Otras disposiciones del Código Ingenios resultan muy positivas y son importantes de rescatar. Por nombrar algunas, las detallo a continuación:

– En el proyecto se formulan normas y la adecuación de un marco legal importante para desarrollar la industria científica de nuestro país, de tal manera que el  profesional pueda hacer carrera en el ámbito de la investigación.

– En el caso de los estudiantes, cuyas tesis o proyectos desarrolladas en instituciones educativas les pertenece su titularidad, lo que actualmente no es así pues constituye una obra por encargo y hoy en día la titularidad las tienen las instituciones educativas (salvo pacto en contrario). Adicionalmente, le permite a la universidad la posibilidad de explotar la tesis o proyecto del estudiante, pero con la obligatoriedad de concederle el 40% de los beneficios.

– La protección de los conocimientos tradicionales y saberes ancestrales está ampliamente desarrollado y nos beneficia como país.

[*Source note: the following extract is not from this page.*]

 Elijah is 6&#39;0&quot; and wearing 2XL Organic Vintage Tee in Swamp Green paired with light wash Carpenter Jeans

– También se plantean nuevos mecanismos para acceder a obras que por tiempo o limitación de sus titulares no era posible y nos atrasaban como sociedad.

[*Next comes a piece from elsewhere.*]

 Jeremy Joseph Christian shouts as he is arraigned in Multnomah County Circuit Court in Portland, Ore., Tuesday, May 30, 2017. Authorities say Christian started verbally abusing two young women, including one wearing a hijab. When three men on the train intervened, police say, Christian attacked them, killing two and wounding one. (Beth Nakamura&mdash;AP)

Entre otros temas que resultan positivos, y que en su momento podremos analizar detalladamente.

El mayor desafío para las industrias creativas y culturales es informarse y asesorarse adecuadamente del marco jurídico que entre o inclusive del que hoy se encuentre en vigencia. La necesidad de la formalidad en los creativos, conlleva el educarse en sus derechos de propiedad intelectual y en los de terceros. Las consecuencias para quienes trabajan en el área de la creatividad (con o sin el proyecto aprobado) son: incurrir en una disputa jurídica, exponer a un conflicto legal a sus clientes, y no aprovechar las normas que los favorecen.